NOTICE: This summary is designed merely to inform and alert you of recent legal developments. It does not constitute legal advice and does not apply to any particular situation because different facts could lead to different results. Information here can change or be amended without notice. Readers should not act upon this information without legal advice. If you have any questions about anything you have read, you should consult with or retain an employment attorney.

Ohio Enacts E-Verify Workforce Integrity Act for Non-residential Construction Employers Beginning in March 2026

 Last week, Governor DeWine signed into law House Bill 264, the E-Verify Workforce Integrity Act,  which requires most non-residential construction contractors to utilize e-verify to confirm the legal work status of employees at Ohio Revised Code §§4151.01 et seq.  The Act prohibits employers from continuing to employ individuals whose legal work status has not been confirmed by e-verify.  The Attorney General shall enforce the provisions, and can receive anonymous complaints, but will not base an investigation on race, color or national origin.   Notably, there is no deadline to utilize e-verify  (but employers are required under federal law to complete I-9 forms within 3 days of hire) and the Act does not address the use of day laborers.  Violating employers can be fined and barred from state contracts for a period of time.  Knowing violations can result in the revocation of any required license to conduct business.   Covered employers must maintain their records for at least three years.  The Act becomes effective on March 19, 2026.

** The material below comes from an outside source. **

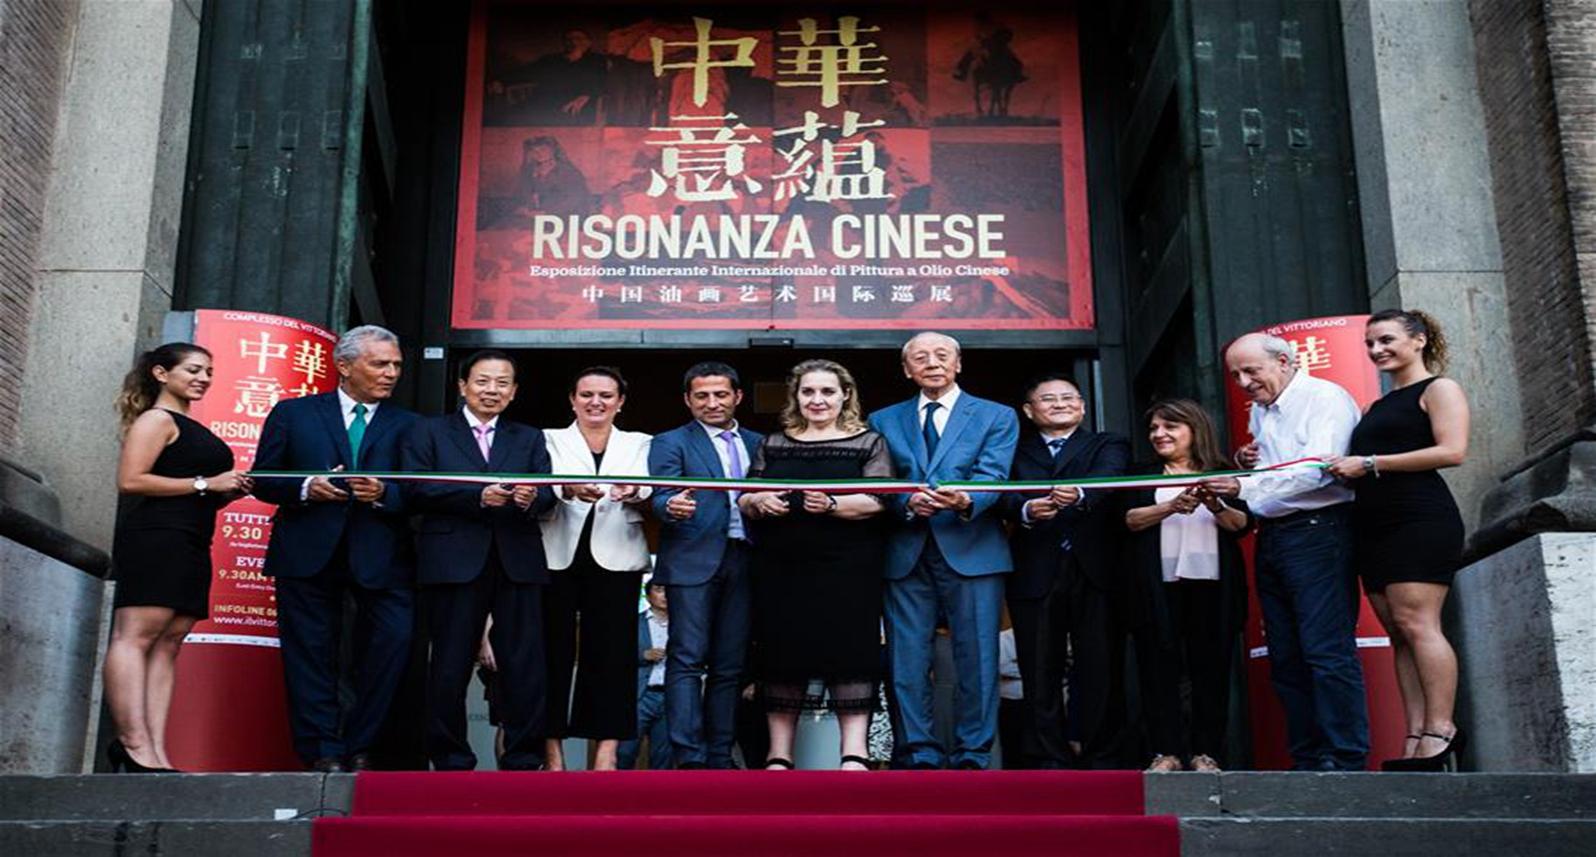 中華意蘊——中國油畫藝術國際巡展在羅馬舉行

Key terms of the legislation include:

·       Sec. 4151.02. (A) Except as provided in division (C) of this section, no nonresidential construction contractor, subcontractor, or labor broker shall fail to verify the employment eligibility of each employee hired to perform work on a nonresidential construction project through the e verify program. A nonresidential construction contractor shall use e-verify to confirm the identity and legal working status of each employee employed by the nonresidential construction contractor. A subcontractor shall use e-verify to confirm the identity and legal working status of each employee employed by the subcontractor. A labor broker shall use e-verify to confirm the identity and legal working status of each employee employed by the labor broker.

·        (B) A nonresidential construction contractor, subcontractor, or labor broker shall keep a record of the verification required by division (A) of this section for three years after the date of hire or one year after the date the employee's employment is terminated, whichever is later.

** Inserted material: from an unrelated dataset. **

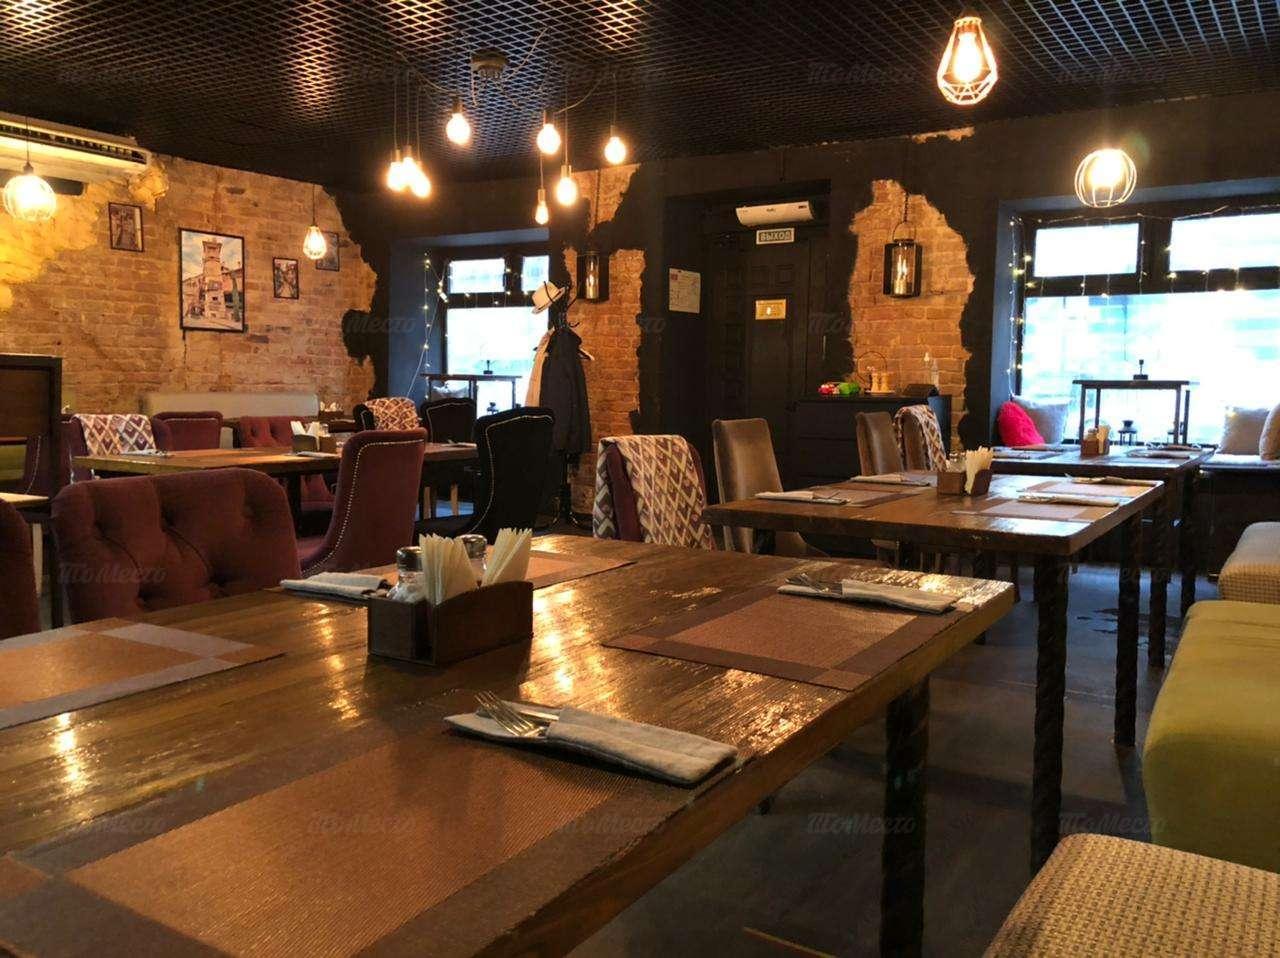 Кафе Мизандари (бывш. Дон Корлеоне) на Старой Басманной фото 6

·       (C) A nonresidential construction contractor, subcontractor, or labor broker is not required to comply with division (A) of this section if both of the following apply: (1) The nonresidential construction contractor, subcontractor, or labor broker has previously verified an employee's employment eligibility using e-verify. (2) The employer is not required to verify or reverify the employee's eligibility to work under section 101(a)(1) of the federal "Immigration Reform and Control Act of 1986," 8 U.S.C. 1324a(b). Sec. 4151.03.

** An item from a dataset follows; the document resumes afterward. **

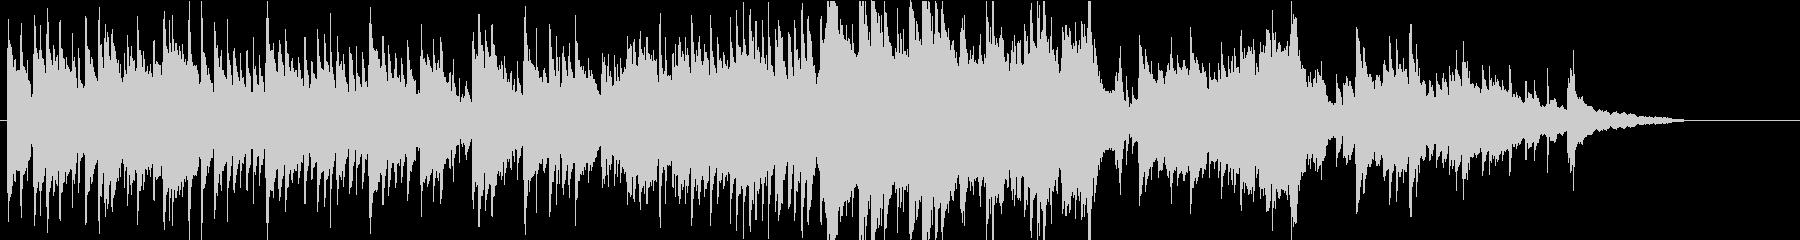 温かでちょっと切ないピアノバラードの未再生の波形

·       No nonresidential construction contractor, subcontractor, or labor broker shall continue to employ an individual after receiving a notice of final nonconfirmation for that individual from the e-verify program. For purposes of this section, a final nonconfirmation occurs when the contractor, subcontractor, or labor broker receives a case result indicating that an employee's employment eligibility could not be confirmed and instructions that the contractor, subcontractor, or Sub. H. B. No. 246 136th G.A. 3 labor broker should close the e-verify case associated with the employee.

·       (C) "Employee" means any individual who performs services for a contractor, subcontractor, or labor broker who satisfies both of the following conditions: (1) The individual is subject to the contractor's, subcontractor's, or labor broker's direction and control, not only as to the result accomplished but also as to the details of how the work is performed; (2) The individual receives compensation in the form of wages, salary, or any other form of remuneration in exchange for services rendered.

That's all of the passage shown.